Arch Linux System Maintainance.
In this guide we will walk through the most important practices regarding system maintainance for Linux home computers. Most of them are Arch Linux (and variants) specific but we can get ideas on how other distros can use and apply the same principles.
“No matter what you’re going through, there’s a light at the end of the tunnel.”
- Introduction
- System update/upgrade
- Clean pacman cache
- Remove orphan packages
- Remove unwanted packages
- Clean /home directory cache
- System logs clean-up
- Conclusion
- References
Introduction
System maintainance (and software maintainance in general) is an ongoing process that requires attention and responsibility.
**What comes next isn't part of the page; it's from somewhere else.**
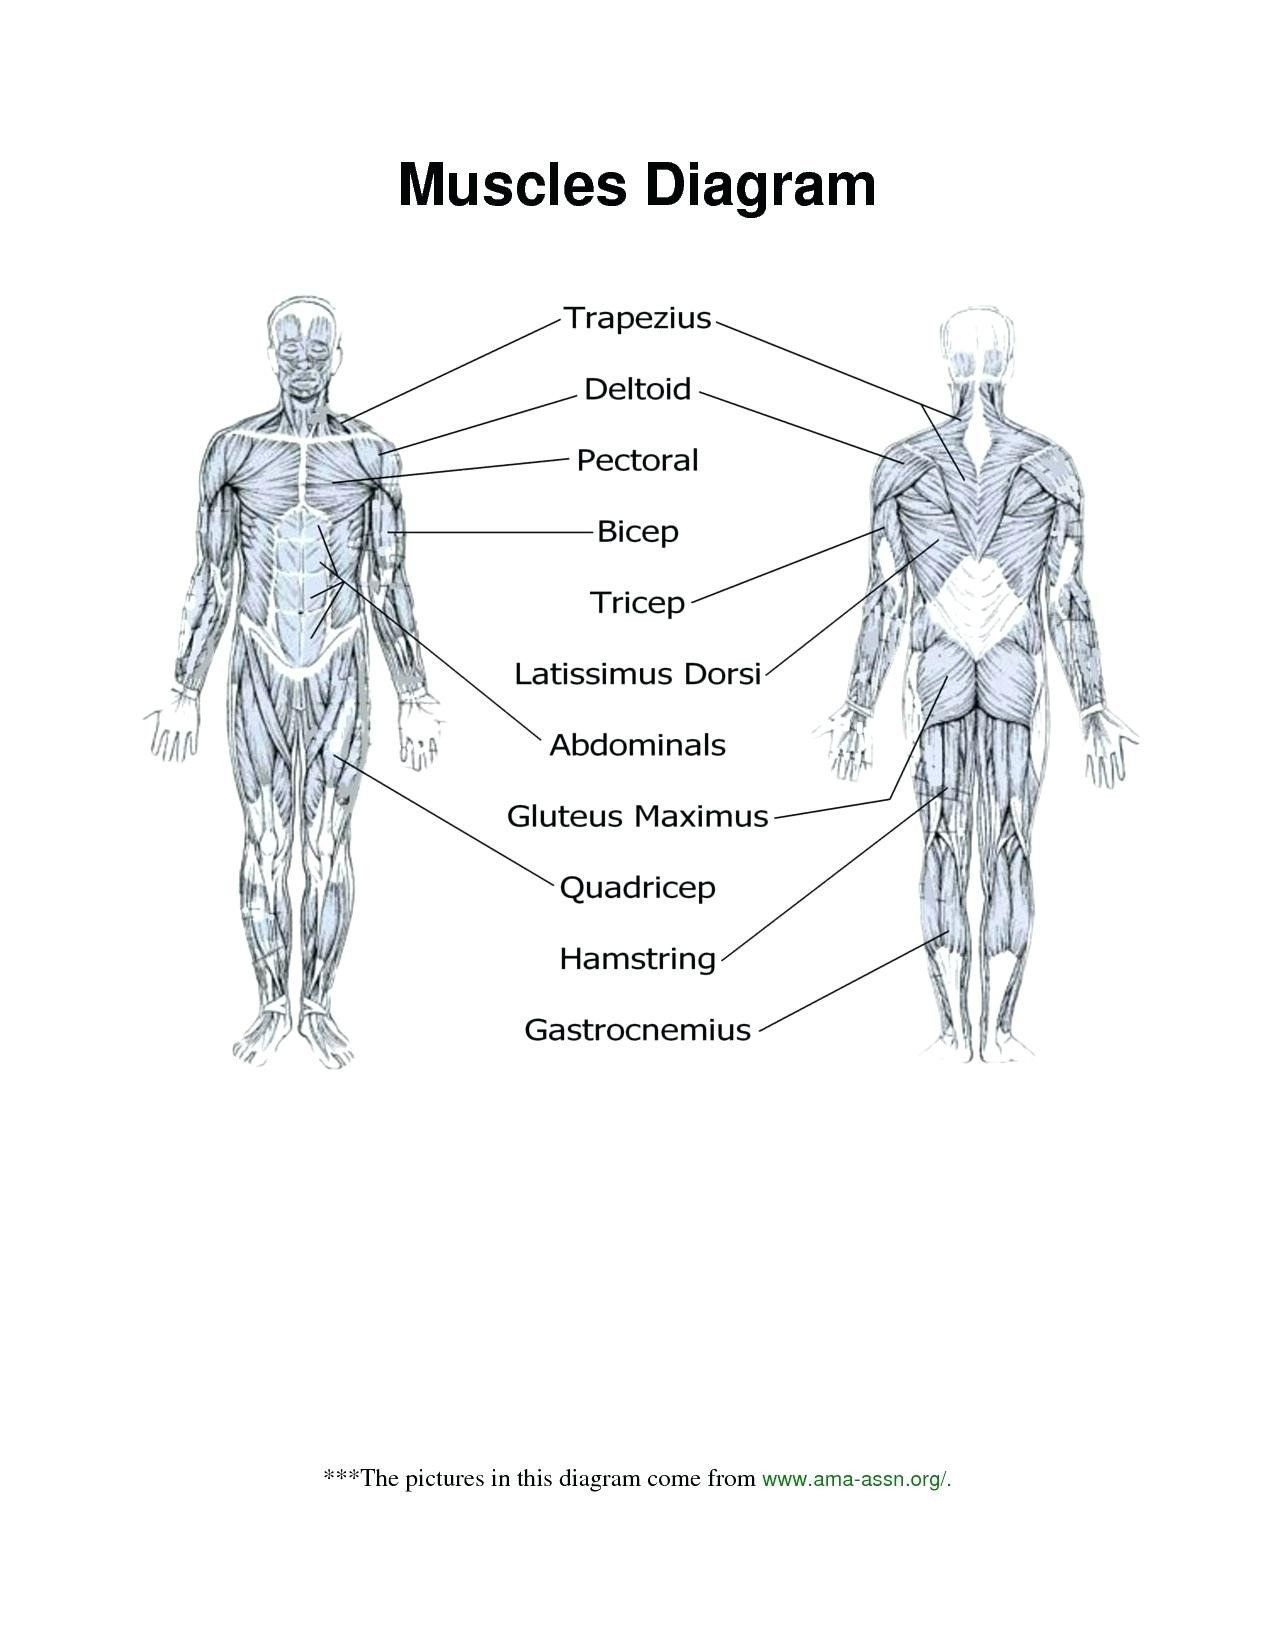 20 Bones And Muscles Worksheet Free Worksheets In 2021 Human Body Muscles Skeletal System Worksheet Muscle Diagram
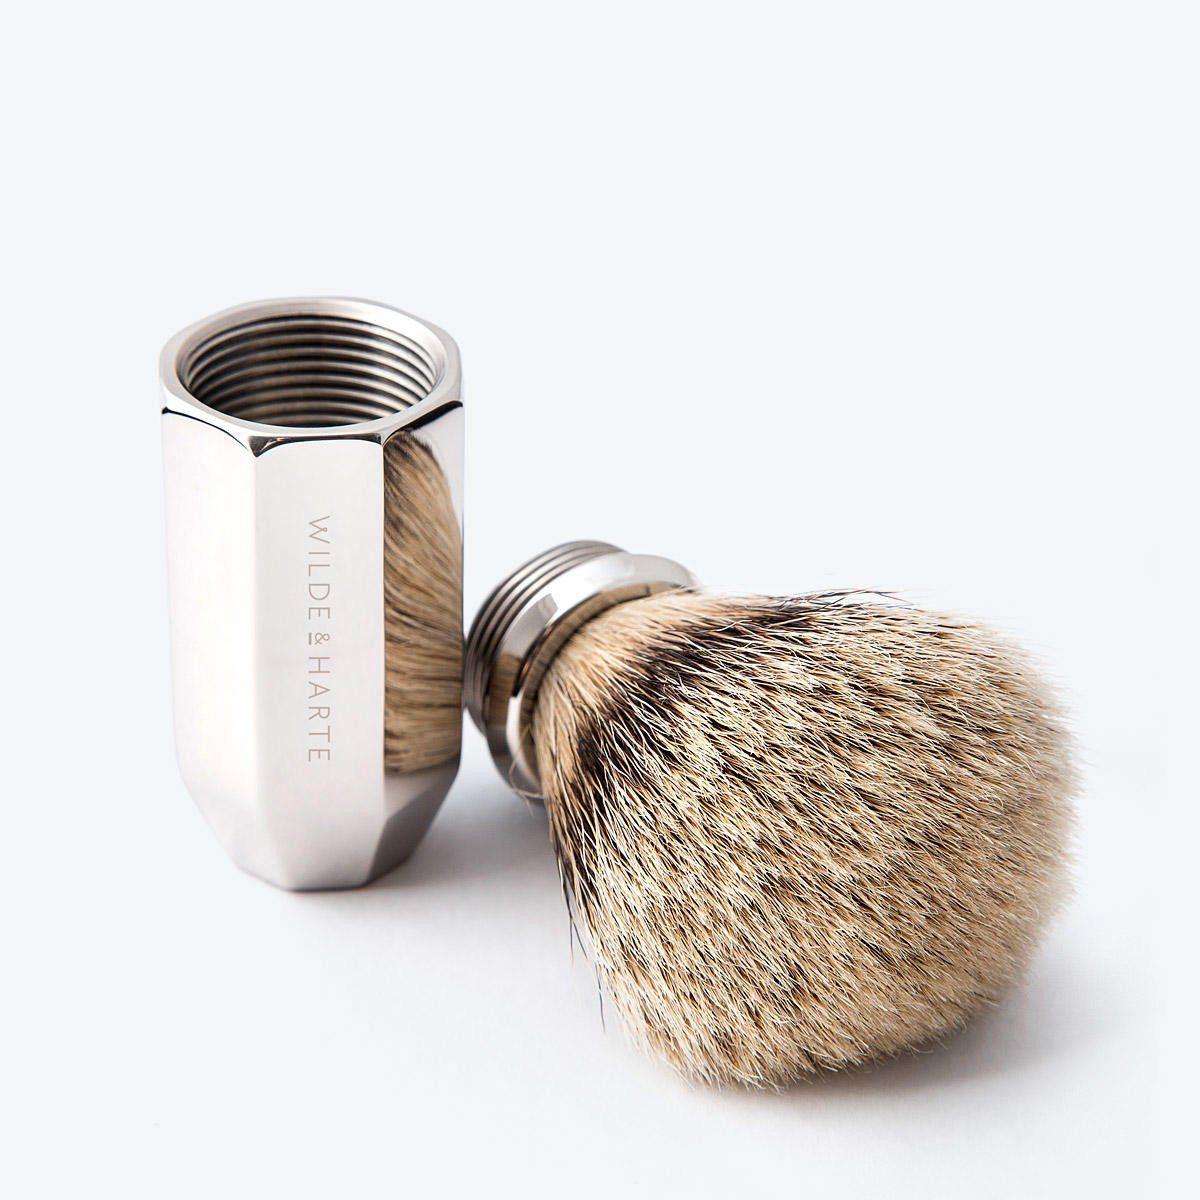 Wilde & Harte Traditional Design Safety Razor & Shaving

So in this blog post I will summarize the key actions we can take in order to keep our arch linux installation healthy, optmized and fully working.
BTW, If you are NOT using Arch yet, I have a guide explaining how to install it from scracth and also a tiny wiki with information about daily tasks, process and guides.
System update/upgrade
It is very important to have the latest version of the system up and running (including users apps and packages). I gotta say that sometimes things get broken due to the nature of the rolling release model, but since each installation is different, we are responsible for checking Arch Linux latest news in the Arch Linux website..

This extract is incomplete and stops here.